[Action item]
Transcribe the entries below word for word, beginning at the line with "Ochi Zwart Brons" and stopping after the line with "2016 Nike Elite Versatility Socks"; drop all pictures.

[Entries supplied]
[Start of Attachment]
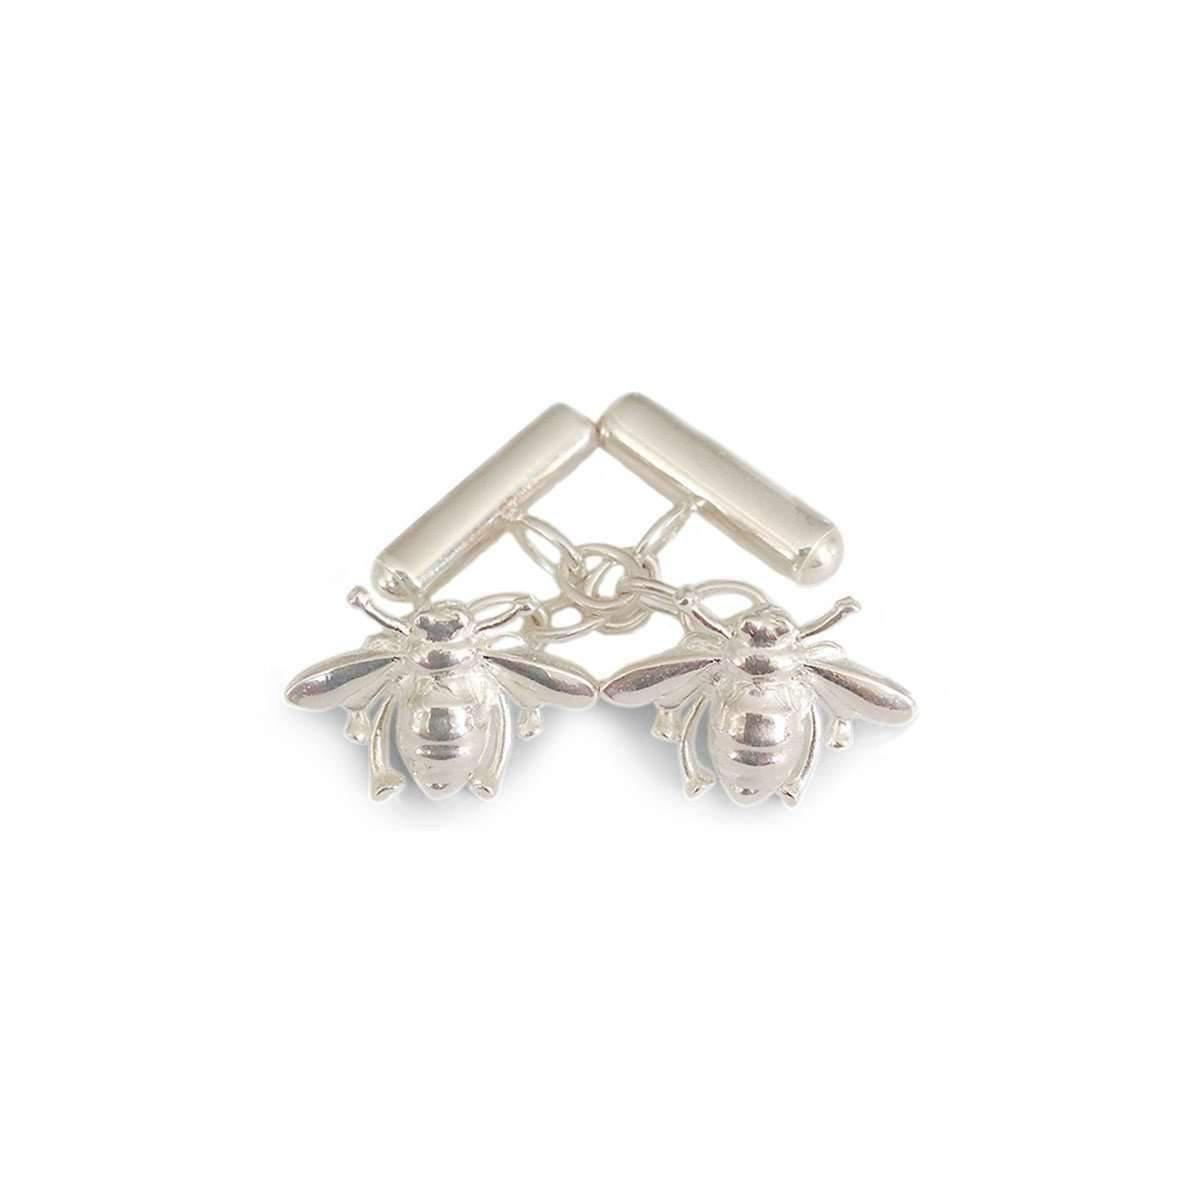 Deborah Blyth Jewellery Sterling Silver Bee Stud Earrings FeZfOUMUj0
[End of Attachment]
[Start of Attachment]
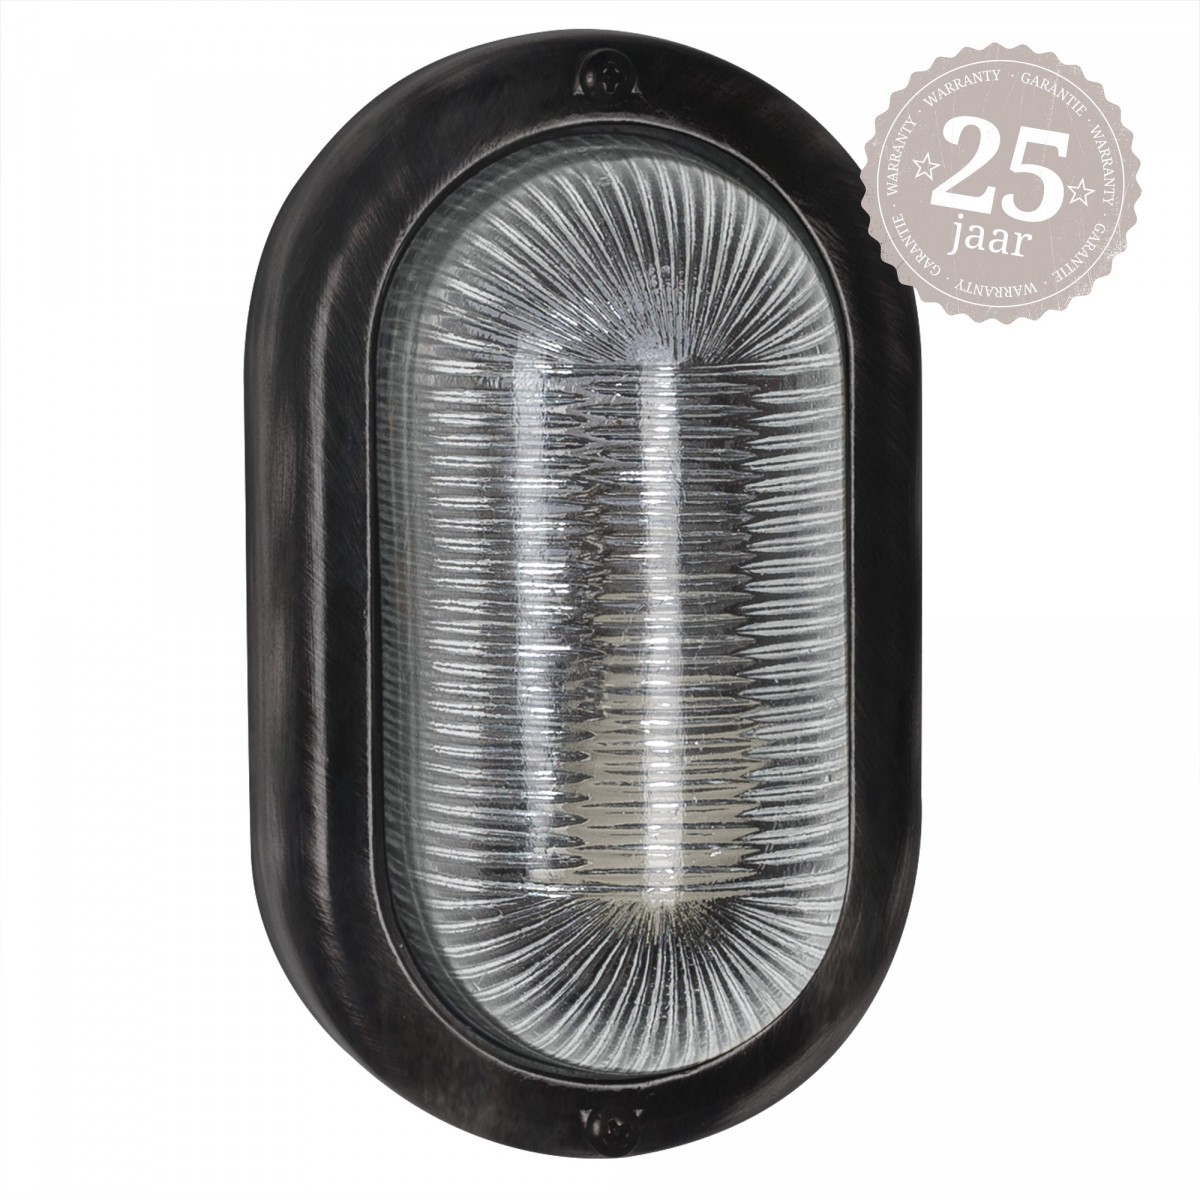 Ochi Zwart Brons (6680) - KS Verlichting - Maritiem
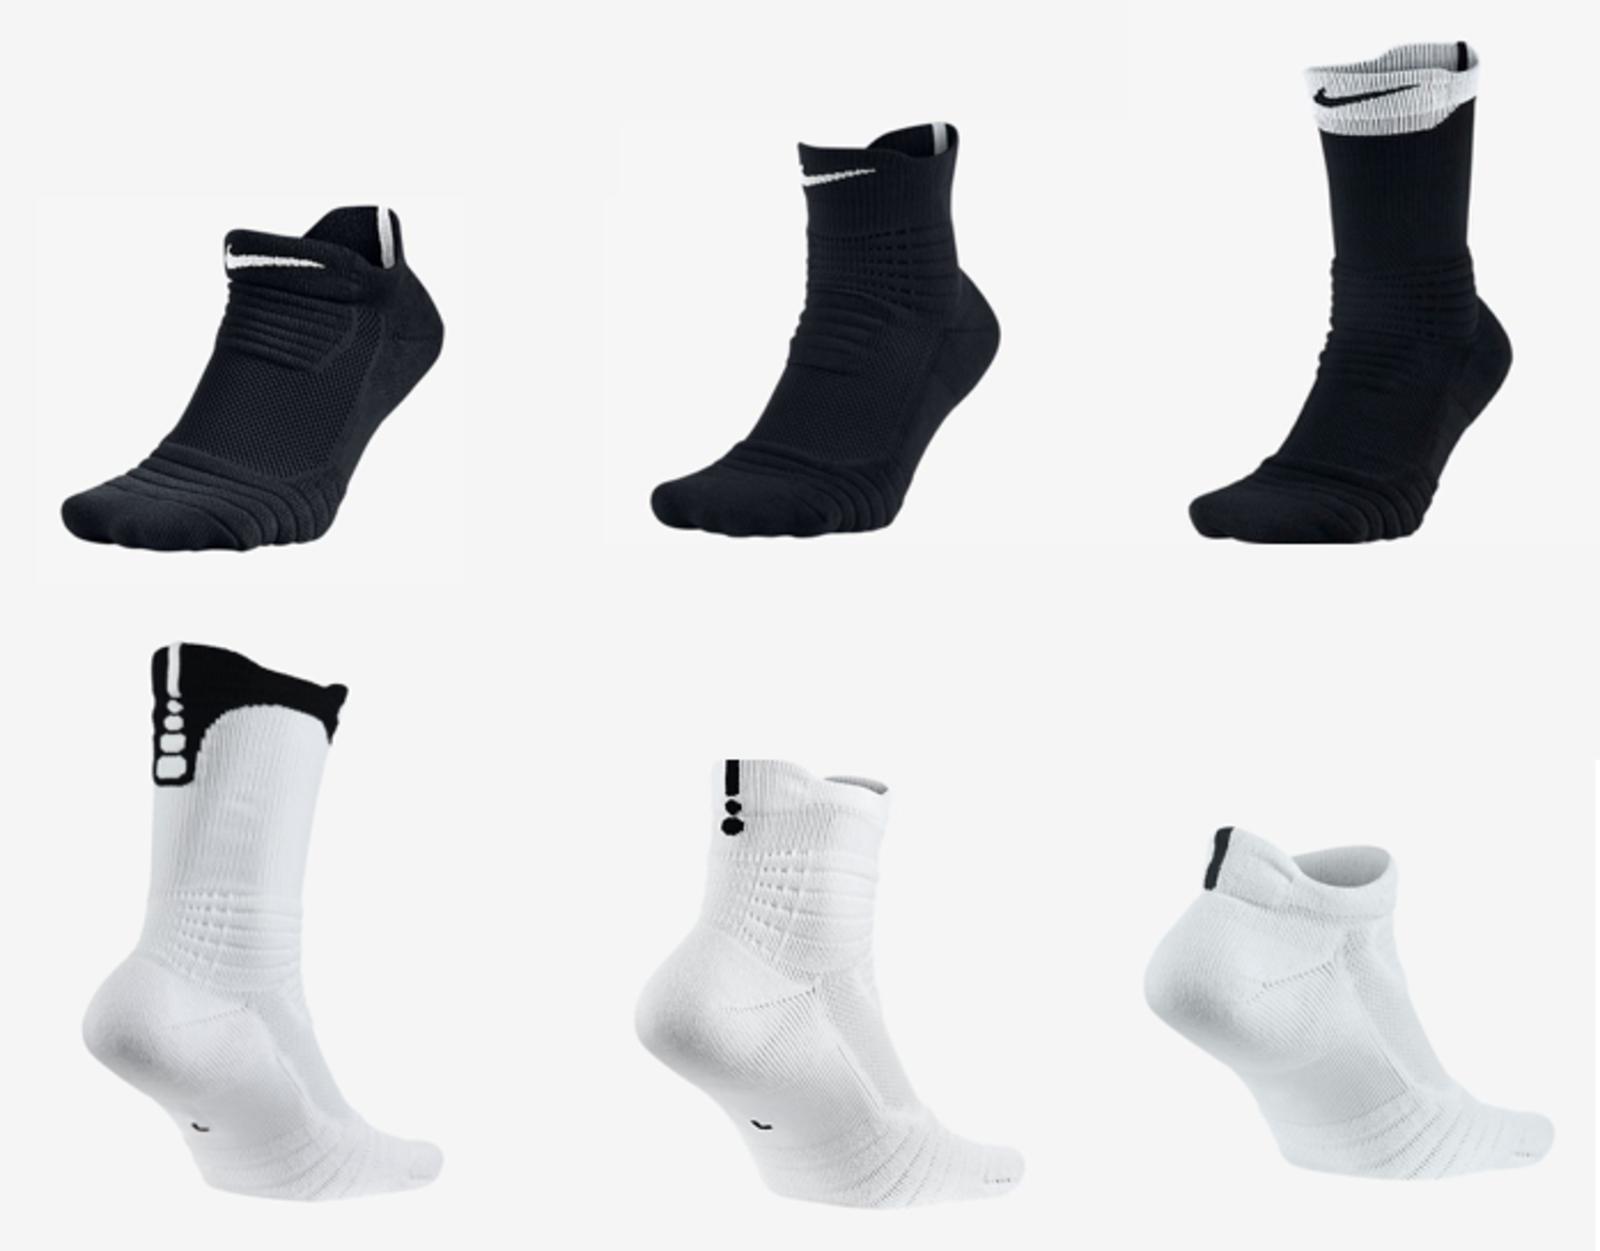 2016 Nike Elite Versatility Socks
[End of Attachment]
[Answer space]
 Ochi Zwart Brons (6680) - KS Verlichting - Maritiem
 2016 Nike Elite Versatility Socks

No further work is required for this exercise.